Declaring Column Element Types

Declaring Column Element Types

Booleans

If booleans are encoded as lower-case true and false in your dataset, the default parse function for booleans can be used. You can request this by setting the type argument.

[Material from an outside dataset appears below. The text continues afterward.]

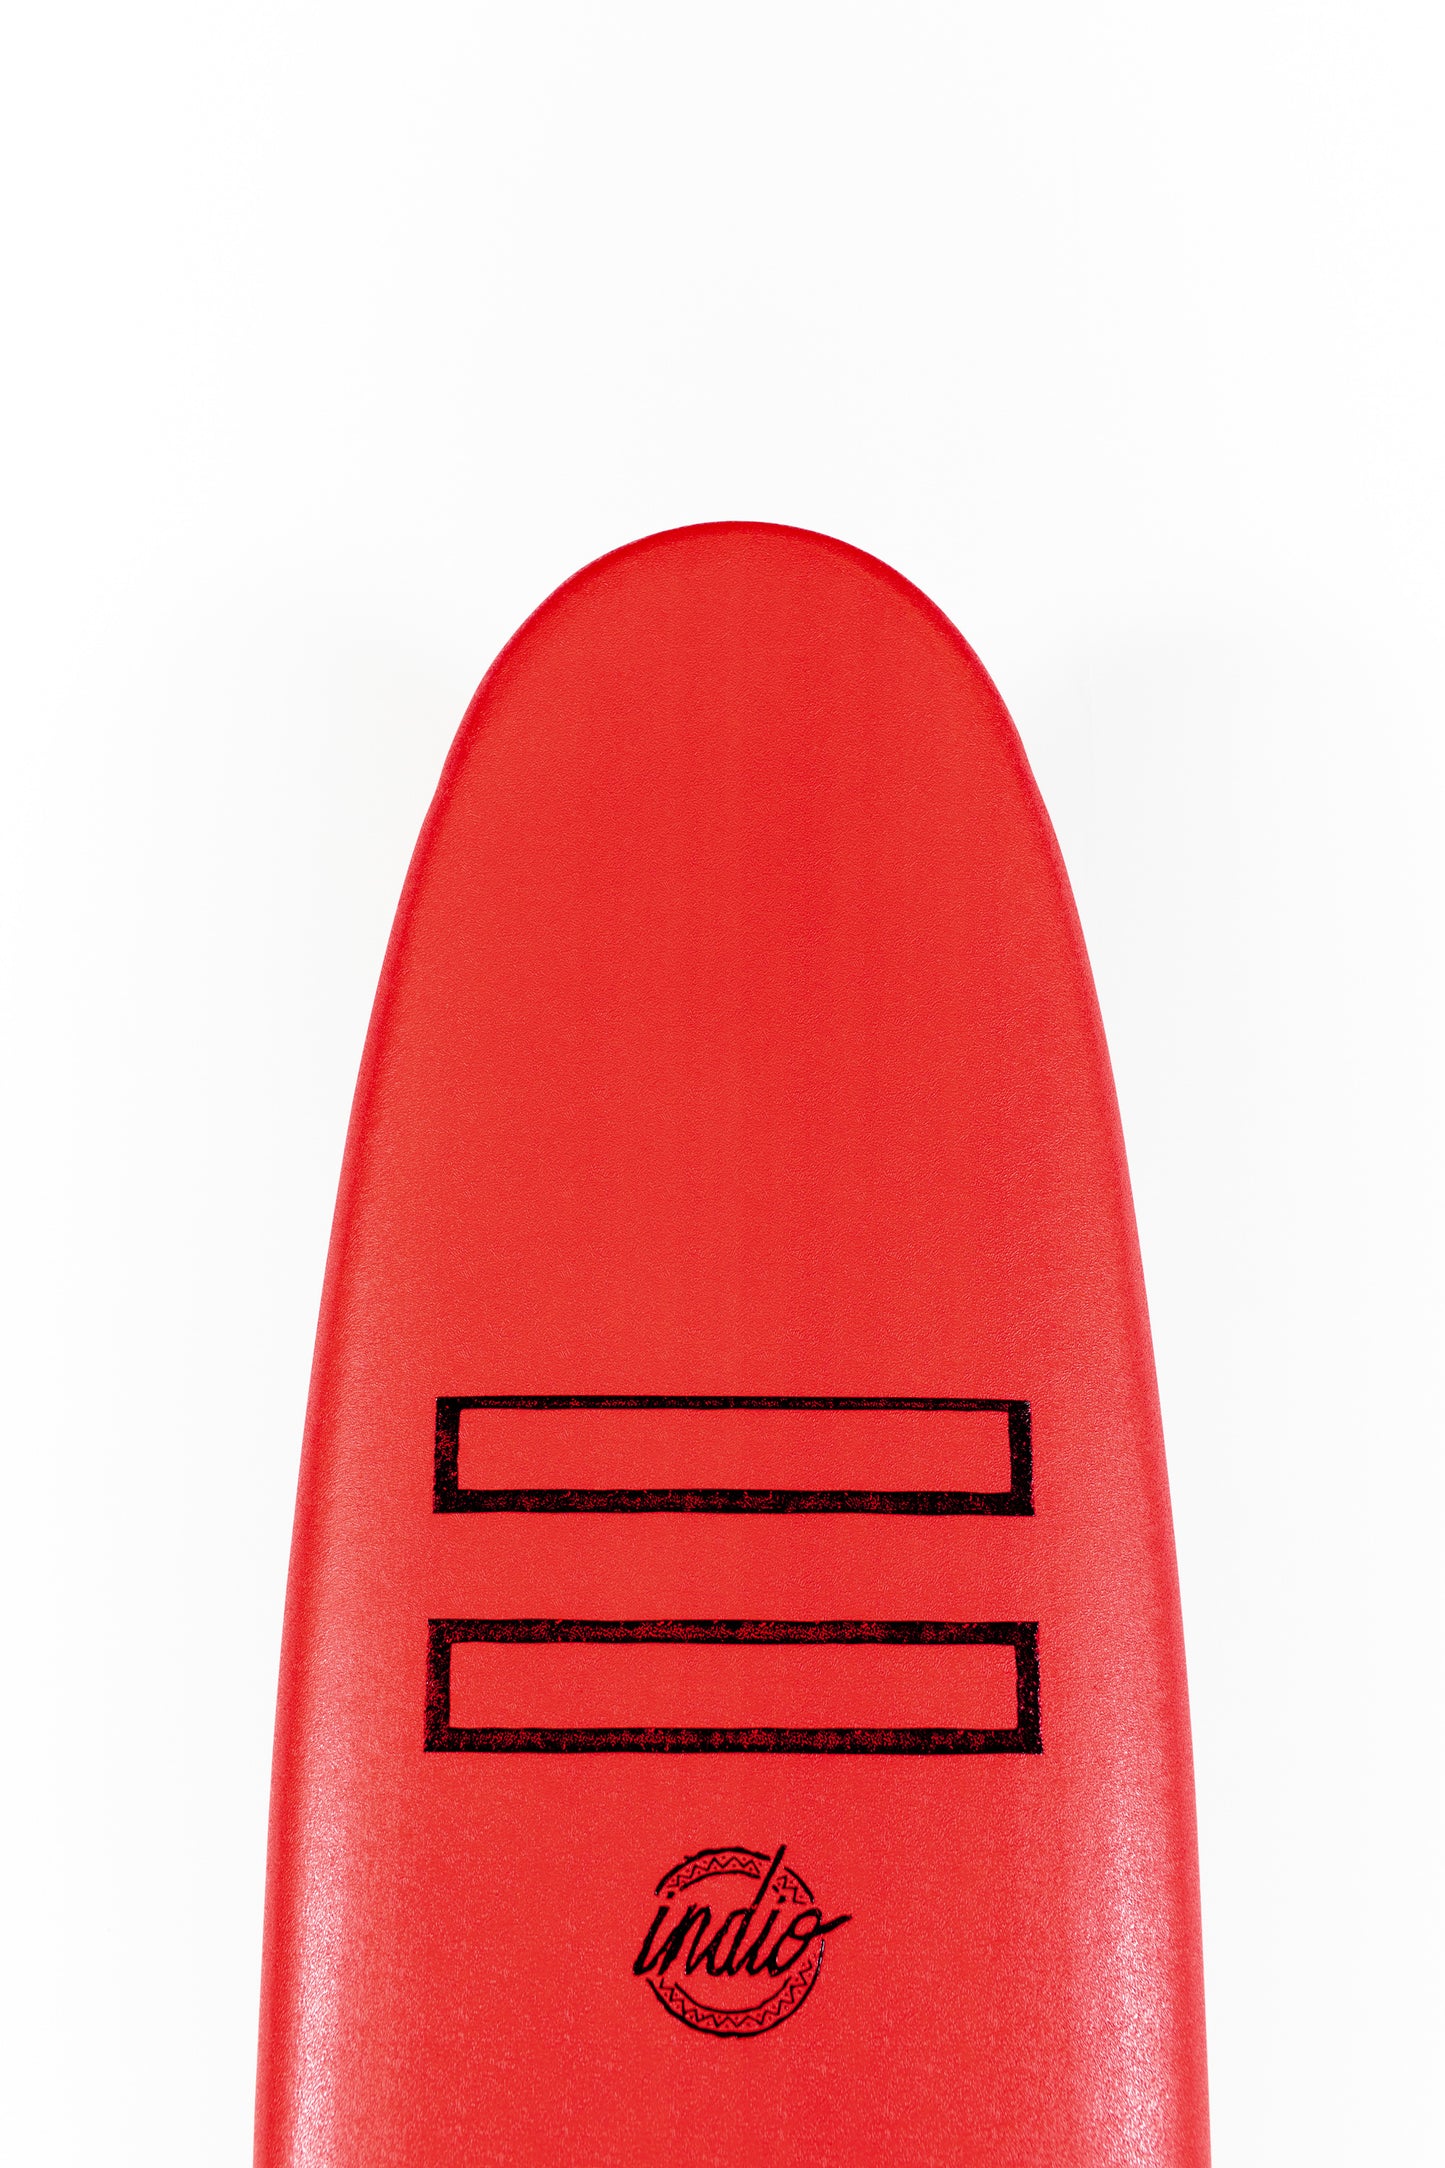 
                  
                    Pukas-Surf-Shop-Indio-Surfboards-Softboards-Mini-Long

Declaring all columns to be boolean

julia> using uCSV, DataFrames

julia> s =
       """
       true
       false
       """;

julia> DataFrame(uCSV.read(IOBuffer(s), types=Bool))
2×1 DataFrames.DataFrame
│ Row │ x1    │
│     │ Bool  │
├─────┼───────┤
│ 1   │ true  │
│ 2   │ false │

Declaring the type of each column with a vector

julia> using uCSV, DataFrames

julia> s =
       """
       true
       false
       """;

julia> DataFrame(uCSV.read(IOBuffer(s), types=[Bool]))
2×1 DataFrames.DataFrame
│ Row │ x1    │
│     │ Bool  │
├─────┼───────┤
│ 1   │ true  │
│ 2   │ false │

Declaring the type of specific columns with a dictionary

julia> using uCSV, DataFrames

julia> s =
       """
       true
       false
       """;

julia> DataFrame(uCSV.read(IOBuffer(s), types=Dict(1 => Bool)))
2×1 DataFrames.DataFrame
│ Row │ x1    │
│     │ Bool  │
├─────┼───────┤
│ 1   │ true  │
│ 2   │ false │

If the booleans in your dataset are encoding by anything other than true and false, you'll need to use the encodings argument to map the String => Bool conversions.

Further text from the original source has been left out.